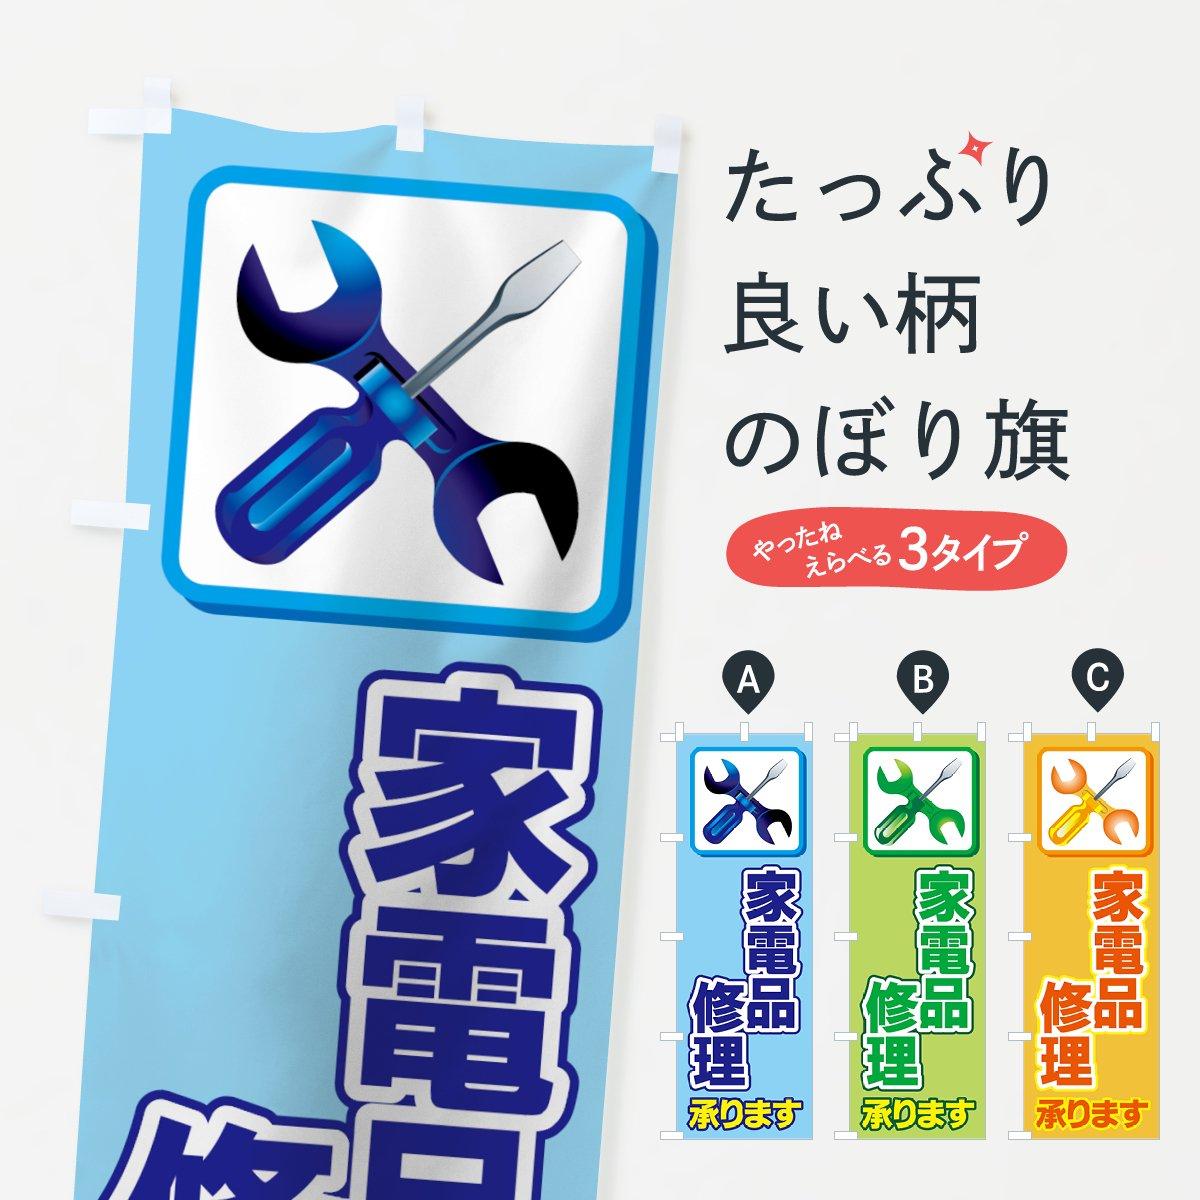 家電品修理のぼり旗【承ります】[家電修理]
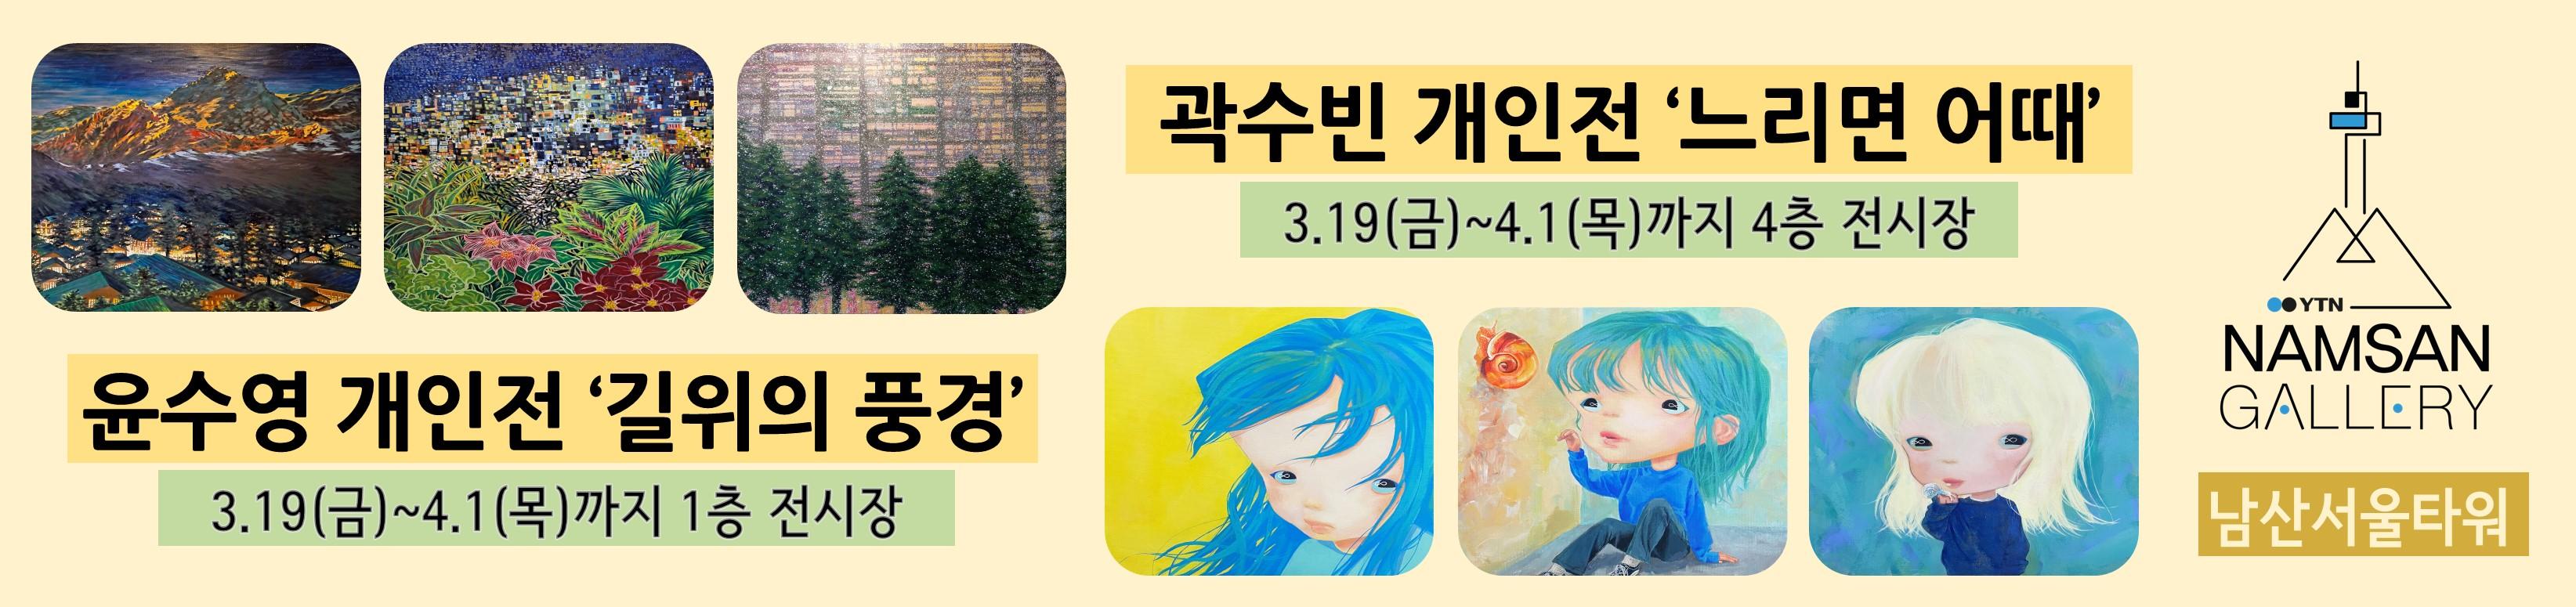 곽수빈 개인전 & 윤수영 개인전
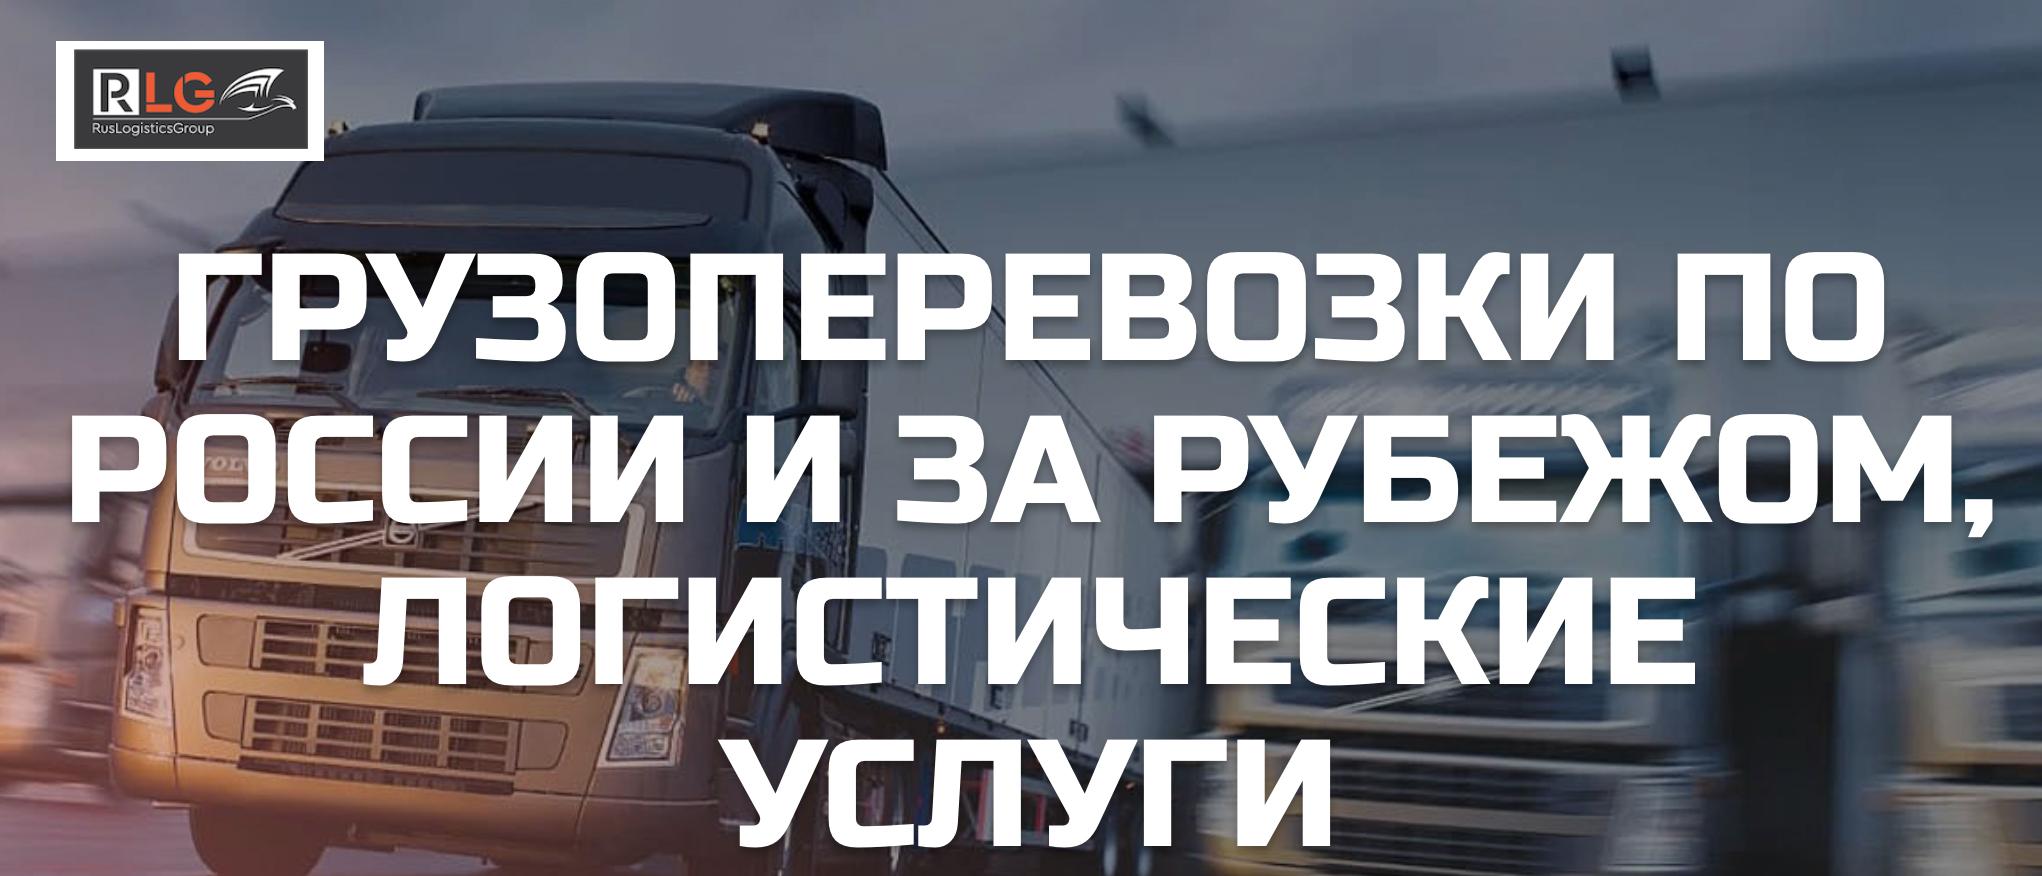 Компания «РусЛоджистиксГрупп» подтвердила возобновление международных перевозок

□ □ □

§ **WHAT YOU WILL DO**: Find the line containing "곽수빈 개인전 & 윤수영 개인전" and copy it and each line after it through the end of the material, exactly, with no pictures.

§ **WRITTEN RESPONSE**:
 곽수빈 개인전 & 윤수영 개인전
 Компания «РусЛоджистиксГрупп» подтвердила возобновление международных перевозок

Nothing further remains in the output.